FTC Imposes Substantial Fine for Decree Violation

Publications
Last week, the Federal Trade Commission (FTC) imposed on Toys "R" Us a $1.3 million civil penalty1 for violating a 13-year-old antitrust order. This fine highlights that FTC orders can stay in force for 20 years—and potentially indefinitely if they are obtained in district court2—and that the FTC actively monitors old orders and consent decrees. As a result, it is important for companies to be aware of all relevant outstanding FTC orders to ensure that compliance policies remain in place for the life of the order.

Back in 1998, Toys "R" Us was found to have violated Section 5 of the FTC Act by using its dominant position in toy retail to prevent manufacturers from selling to "toy discounters"—mostly warehouse clubs like Costco and Sam's Club. As a remedy, the company was ordered, among other things, not to pressure suppliers to limit the supplies of toys to other retailers, not to solicit information about sales to other retailers from suppliers, and to keep records of certain contacts with its suppliers.
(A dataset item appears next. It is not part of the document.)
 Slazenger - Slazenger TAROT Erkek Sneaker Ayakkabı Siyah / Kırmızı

According to the FTC's recent complaint, Toys "R" Us violated all of these terms—it complained to manufacturers about retail sale prices offered by its competitors, asked about sales to discounters, and failed to comply with the order's record-keeping requirements. The complaint alleged that Toys "R" Us "did not adopt any specific program or procedure to assure compliance with and did not comply with" the record-keeping obligation. Further, the company failed to exempt these records from ordinary document destruction procedures, including by deleting the emails of relevant employees when they left the company. Toys "R" Us agreed to a consent judgment for the $1.3 million penalty.
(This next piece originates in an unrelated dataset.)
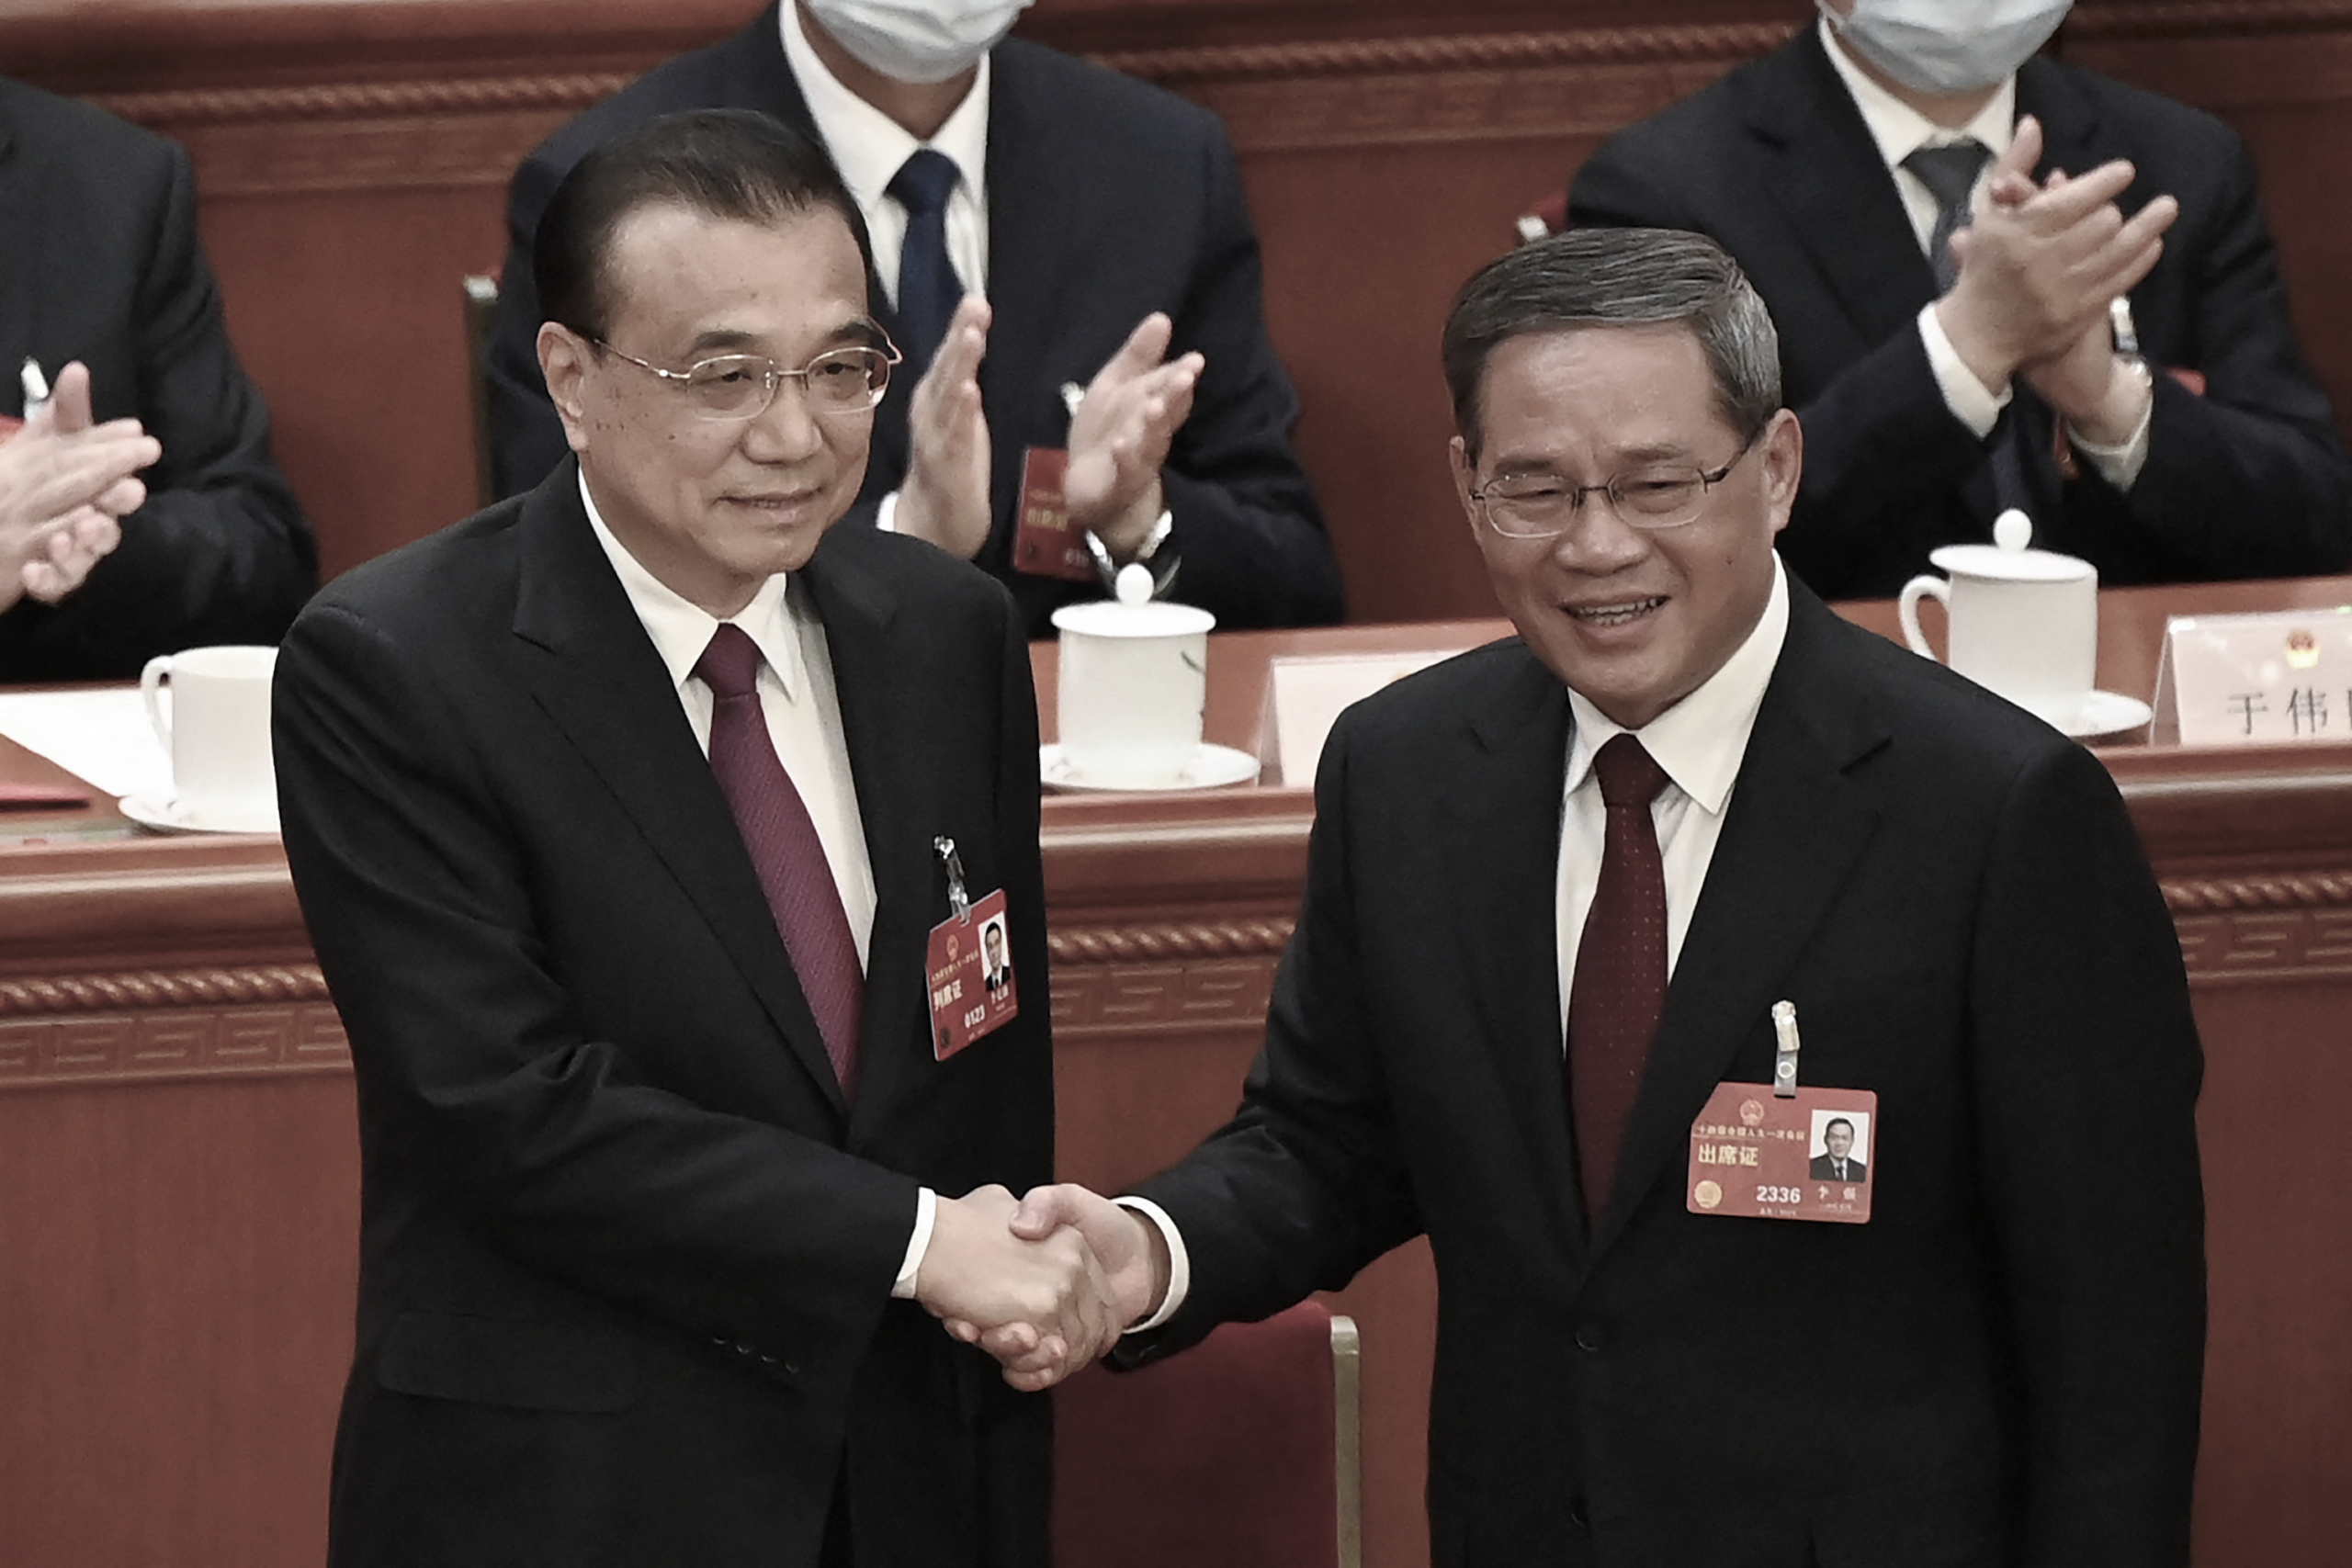 Ngày 11/03/2023, cựu Thủ tướng Lý Khắc Cường (trái) và Thủ tướng mới đắc cử Lý Cường (phải) đã bắt tay nhau tại Hội nghị toàn thể lần thứ 4 của Đại hội đại biểu Nhân dân toàn quốc (NPC) tại Đại lễ đường Nhân dân ở Bắc Kinh. (Ảnh: GREG BAKER/POOL/AFP/Getty Images)

Critically, Richard Feinstein (Director of the Bureau of Competition) noted in the FTC's press release that "[a]lthough we did not find evidence that Toys "R" Us entered into agreements with the suppliers that violated the order, the penalty here underscores the importance of parties complying fully with all of their order obligations." That is, the FTC took action to enforce the order even though the complaint did not allege that the violations actually resulted in anticompetitive effects.

The magnitude of potential penalties stemming from failures to comply with FTC orders—$16,000 per day3—even for simple mistakes like the failure to preserve records, demonstrates that internal compliance mechanisms need to be effective when initially put in place and must be maintained for the entirety of the order's term, no matter its length. This advice is not unique to the FTC: the Department of Justice's Antitrust Division obtains orders in federal court where they are enforceable in contempt actions that can result in serious financial and other penalties.4



1Seewww.ftc.gov/os/caselist/9410040/index.shtm for all documents related to the matter.

2See 60 Fed. Reg. 42569 (Aug. 16, 1995). Even orders subject to the 20-year expiration period are automatically extended if the FTC or DOJ files a complaint alleging violations of the order. See 60 Fed. Reg. 58514 (Nov. 28, 1995).

3See 74 Fed. Reg. 857 (Jan. 9, 2009). For violations before February 10, 2009, the penalty is $11,000 per day.

4 Generally, the Antitrust Division seeks a finding of civil contempt for order violations in civil matters. However, in at least one case, the Division sought and obtained an order of criminal contempt. See U.S. v. Schlumberger, Civ. Action No. 93-2621, (D.D.C. Dec. 10, 1999).